[Opening Excerpted records section]

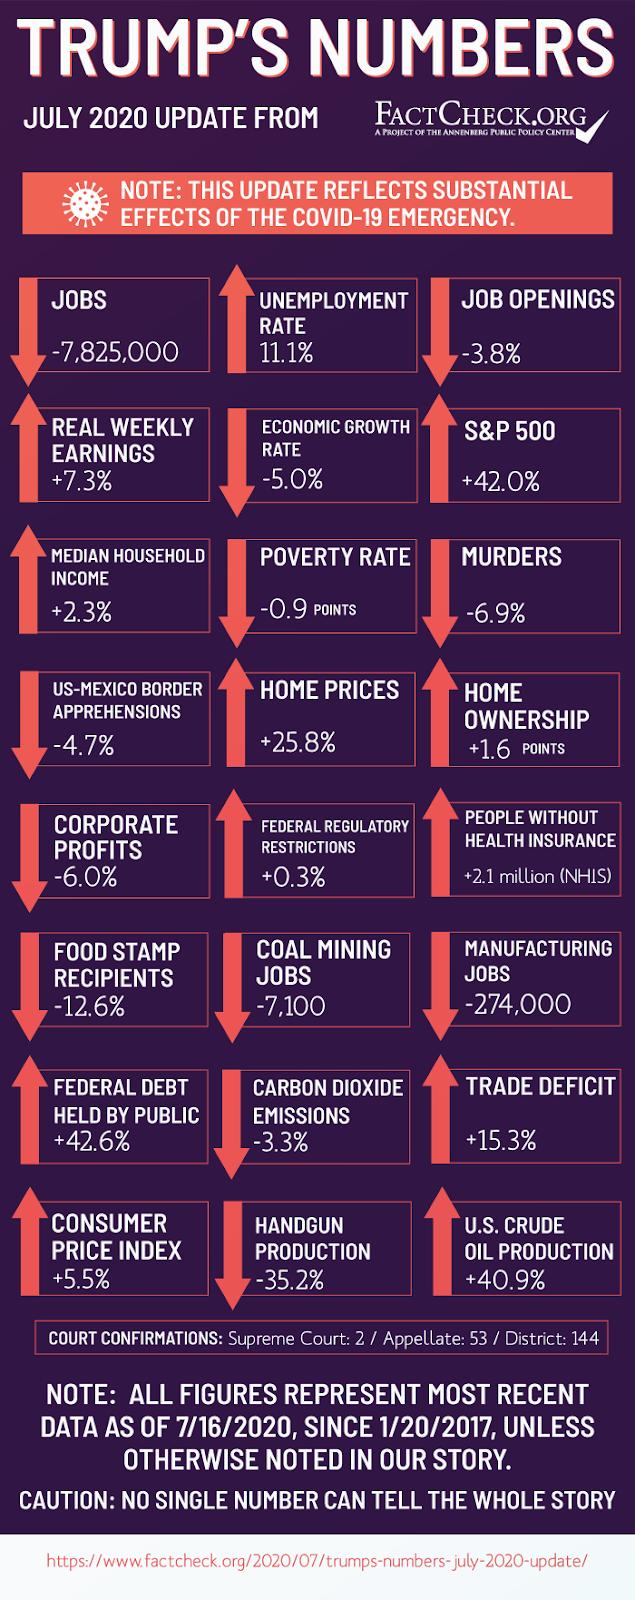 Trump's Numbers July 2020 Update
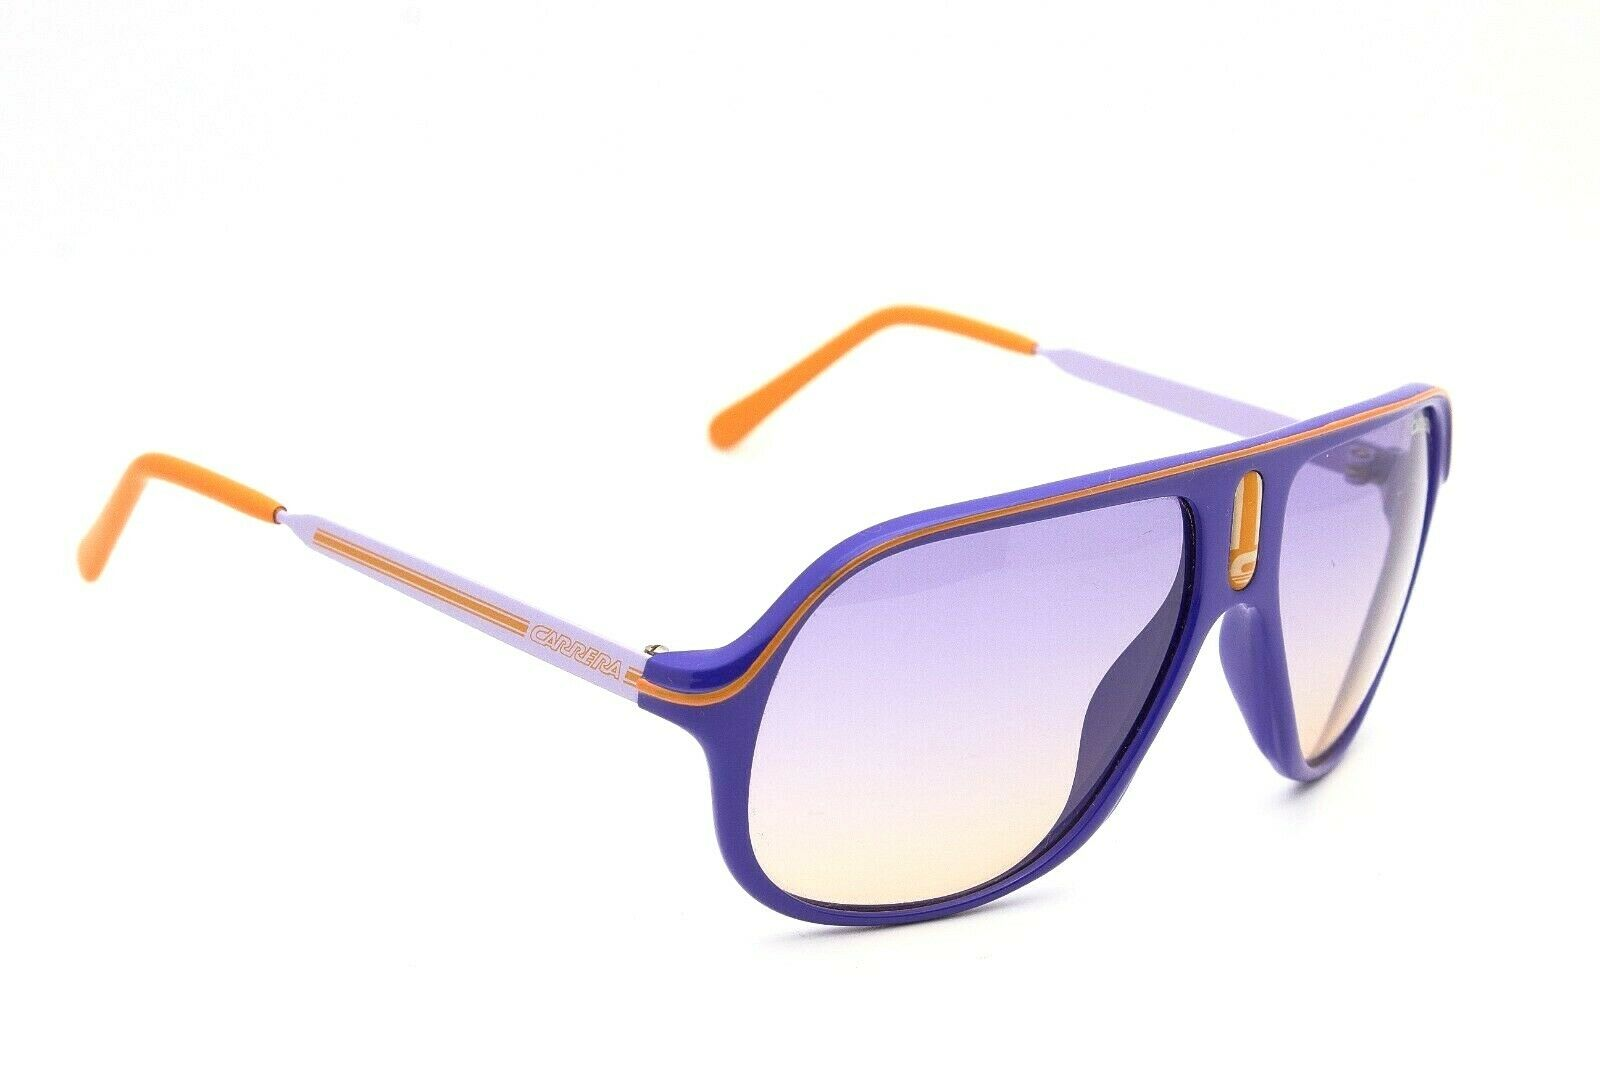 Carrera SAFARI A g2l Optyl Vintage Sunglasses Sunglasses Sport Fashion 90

[Closing Excerpted records section]
[Opening Excerpted records section]

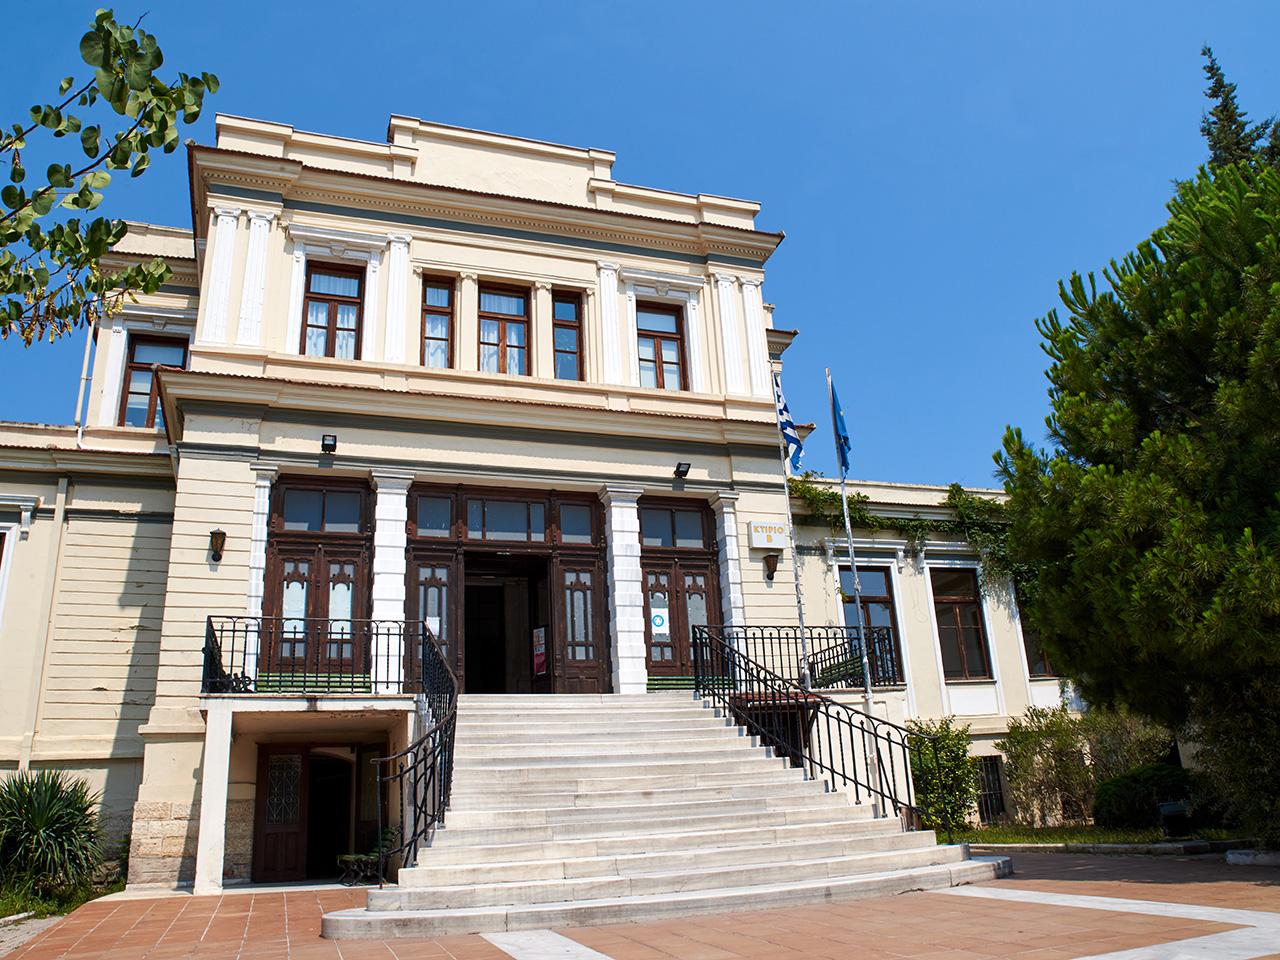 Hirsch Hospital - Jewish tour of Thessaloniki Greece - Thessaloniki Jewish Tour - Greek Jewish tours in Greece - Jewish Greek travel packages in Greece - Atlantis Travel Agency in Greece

[Closing Excerpted records section]

— Work item —
In the listing above, find the line with "Trump's Numbers July 2020 Update" and the line with "Carrera SAFARI A". Set down exactly those lines and everything between them, skipping pictures.

— Task answer —
 Trump's Numbers July 2020 Update
 Carrera SAFARI A g2l Optyl Vintage Sunglasses Sunglasses Sport Fashion 90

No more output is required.